Accessing a global variable in done by absolute addressing:
 ld   r1 var
 st   var r1

Expression

An expression has been transformed into a post-fix form so that the code generation can be done based on left to right scanning.  The intermediate result is stored in the register.  The number of register used depends on the depth of stacking the intermediate result.  Assuming all variables are local, the expression

rz:  i * n + j
 
is transformed into a stack-based operations

ic:  rval i
     rval n
     mul
     rval j
     add

where rval n  means getting the value of a local variable n and push it onto the evaluation stack.  The following S2 code is generated

s2:  ld   r1 @-1 bp
     ld   r2 @-2 bp
     mul  r1 r1 r2
     ld   r2 @-3 bp
     add  r1 r1 r2

where i, n, j are local 1, 2, 3.  bp is already set by prior instructions (it is updated by a function call sequence).  The result is kept in r1.  For a logical expression, if the result is required explicitly (such as in an expression involved logical expression) the result will be a boolean value which is realised as 0/1 integer.  If the logical expression is part of conditional expression in an if-statement then the result is combined with the jump conditional and the explicit result is not required.  Suppose a result is required:

rz:  i < n

ic:  rval i
     rval n
     lt

s2:  ld   r1 @-1 bp
     ld   r2 @-2 bp
     sub  rz r1 r2
     ld   r1 #1
     jmp  lt skip_6
     ld   r1 #0
:skip_6 ...

Assignment

An assignment involved storing a value to a variable.  For a global variable, an absolute address is used:

rz:  level = 1

ic:  lvalg 10
     lit 1
     set

s2:  ld  r1 #1
     st  2010 r1

where lvalg n denotes the left-value (address) of a variable n (n is an offset into a data segment).
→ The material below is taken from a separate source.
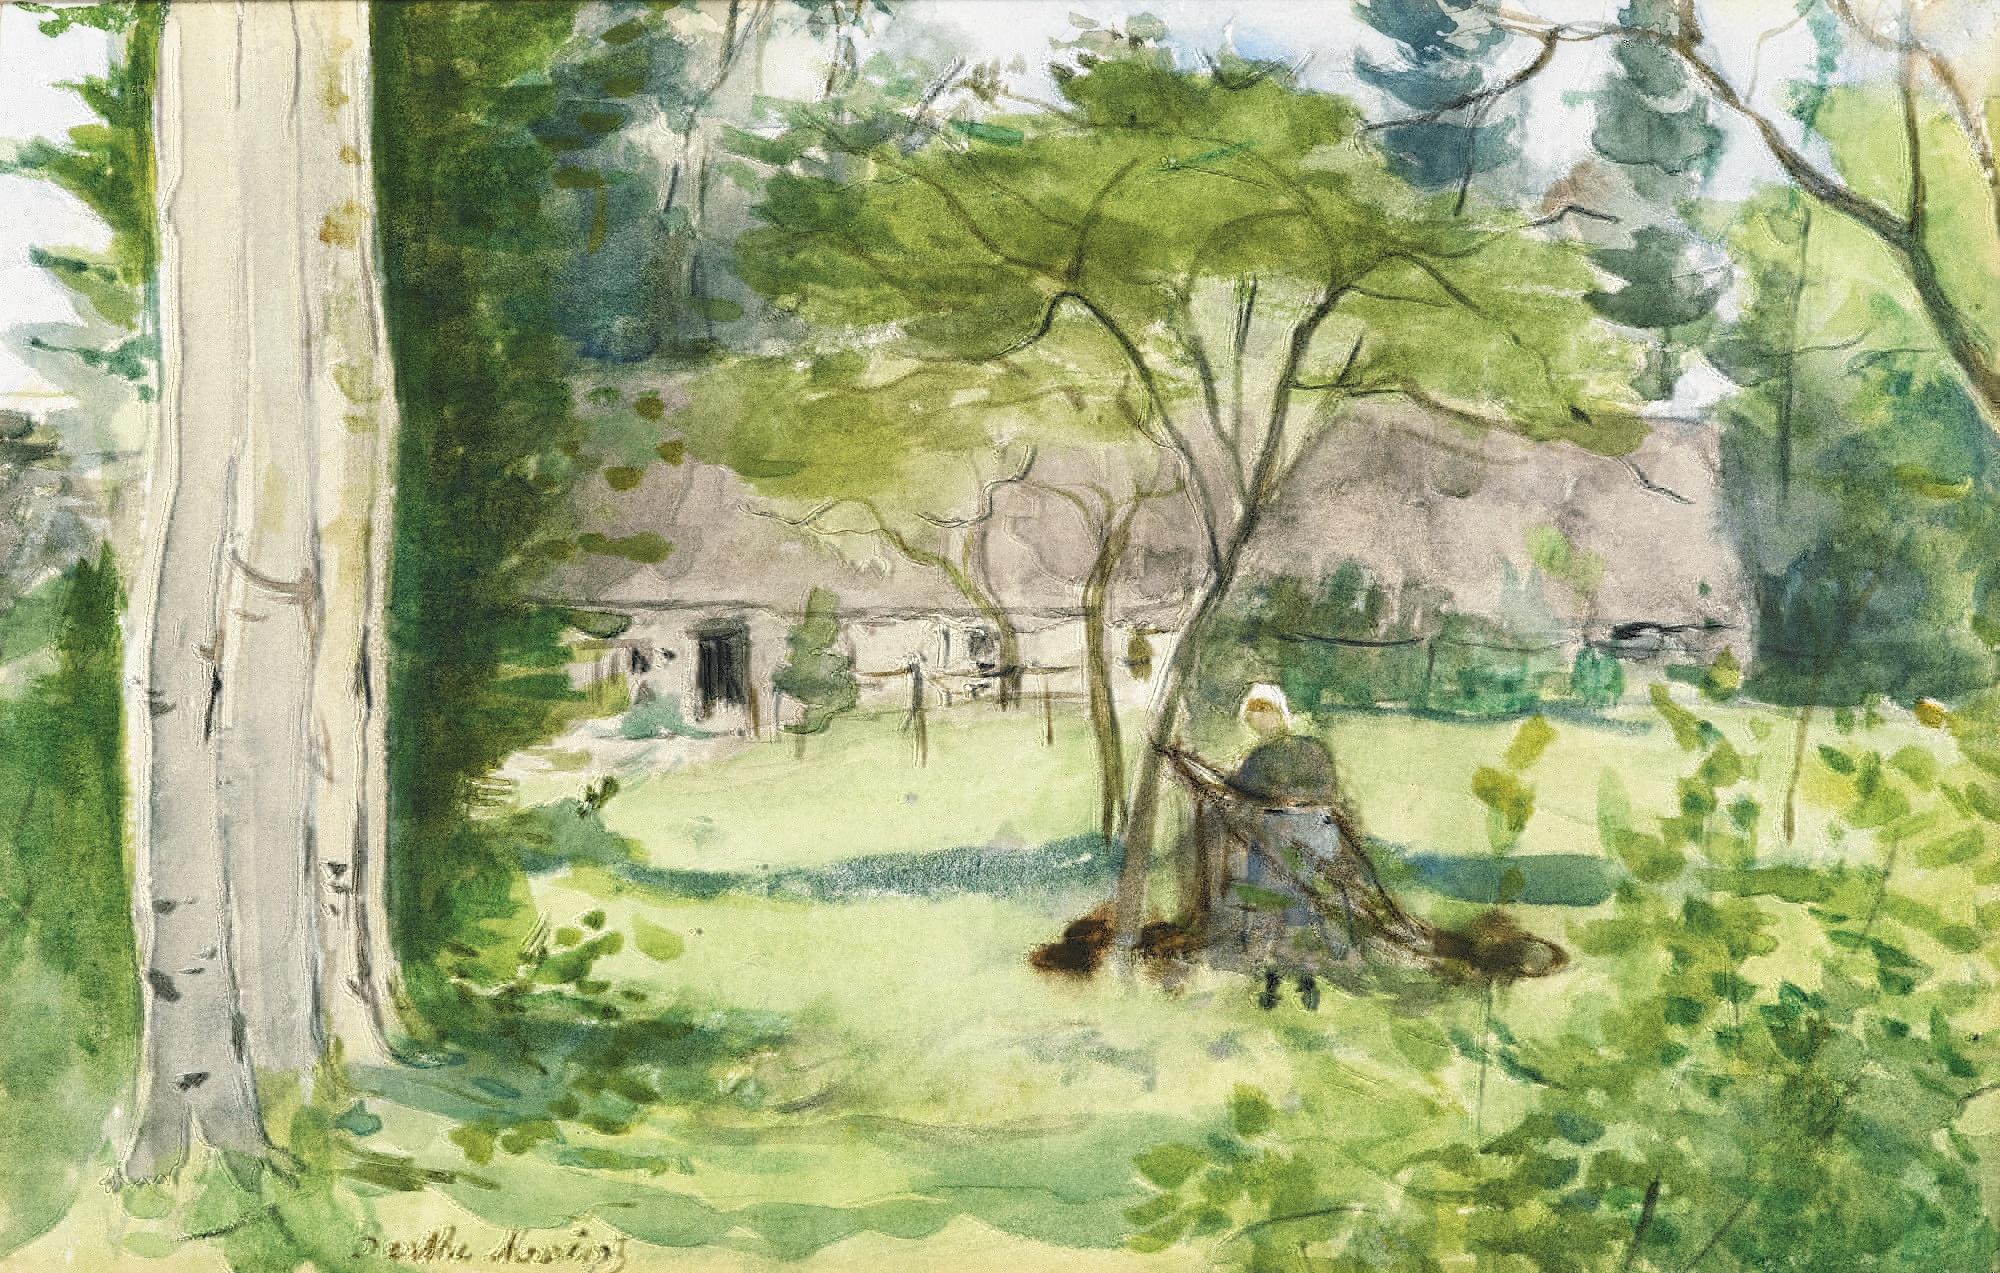 Paysage 2000 pour file:berthe morisot - paysage (watercolour) - wikimedia commons

Assuming the data segment started at 2000, the absolute address of "level" is 2010.  For a local variable, bp is used:

rz:  i = 1

ic:  lval 1
     lit 1
     set

s2:  ld  r1 #1
     st  @-1 bp r1

Control flow

There are two control statements in RZ:  if, while.  They are compiled into jumps.

rz:  if( e1 ) e2 else e3

     e1
     jump-if-false :else
     e2
     jump :out
:else e3
:out  ...

The logical expression in the conditional is combined with jump-if-false.  Assuming e1 is "i < n"

ic:  rval i
     rval n
     lt
     jz :else
     e2
     jmp :out
:else e3
:out  ...

s2:  ld   r1 @-1 bp
     ld   r2 @-2 bp
     sub  rz r1 r2
     jmp  ge label_else
     e2
     jmp  label_out
:label_else  e3
:lable_out ...

The "i < n" is combined with "jum-if-false" and becomes

s2:  sub ...  ;; to affect flags
     jmp ge   ;; not less than

The "while" is compiled into test and jump and jump to loop at the end.

rz:   while( e1 ) e2

:loop e1
     jump-if-false :out
     e2
     jump :loop
:out . . .

s2:
:label_loop  e1
     jmp  ... lable_out
     e2
     jmp  label_loop
:label_out ...

This sequence results in executing two jumps, one for entry into the loop and one at the end to loop back, for every iteration round the loop.  An alternative sequence can reduce it to just one jump by placing the test at the end.

     jump :in
:loop e2
:in   e1
     jump-if-true :loop
        ...

Function call

A function call passes parameters, creates an activation record, save registers and jump to the code of function body.  The actual parameters are passed to the callee activation record.  The location of local variables in the callee are known at compile time.  The activation record stored local variables and the computation state.  The computation state saved the previous state before the call occur so that it can be restored upon returning from the call.  Usually the return address and the previous base pointer are saved.  However, as the size of the current activation record is known at the compile time, it is not necessary to keep the previous base pointer.  A code sequence can be generated to delete an activation record knowing its size.  The call is performed by "jal" using a register "rads" to store the return address.  For example

rz:  swap(j,j+1)

ic:  rval j
     rval j
     lit 1
     add
     call :swap

s2:  ld   r1 @-2 bp
     add  r1 r1 #1
     st   @1 bp r1
     ld   r1 @-2 bp
     st   @2 bp r1
     jal  rads :swap
 

|   ...  |  Lo
|--------|
|   j    |
|--------|  caller AR
|   i    |
|--------|
| rads   | <- bp
|--------|
|  j+1   |
|--------|  callee AR
|   j    |
|--------|
| rads'  | <- bp'
|--------|  Hi
Figure 2   Passing actual parameters to a function

If there is a value returned by the function call, it is kept in a register "retv" by convention. An example on returning a value from a function call:

rz:  c = f(x)
 
s2:  jal  rads :f
     or   r1 retv rz   ;;  move return value to r1
     ...

In the function body, to create an activation record, bp is adjusted, follows by saving the registers which will be used in the code of body.  The number of register used is known at compile time.  The registers are saved in the stack segment, using a stack pointer "sp".   Suppose two registers are used,

s2:  :func
     add  bp bp #s
     st   @0 bp rads
     ;; ---- save regs
     st   @1 sp r1
     st   @2 sp r2
     add  sp sp #2

where s is the size of the activation record.  s = num. of locals + 1,  num. of locals = passed variables + other local variables.  All known at compile time.  If this function calls another function then the current return address is saved in the activation record.  To return to the caller, the current activation record is removed and the saved registers are restored and the control is transfered back the caller by "jr rads".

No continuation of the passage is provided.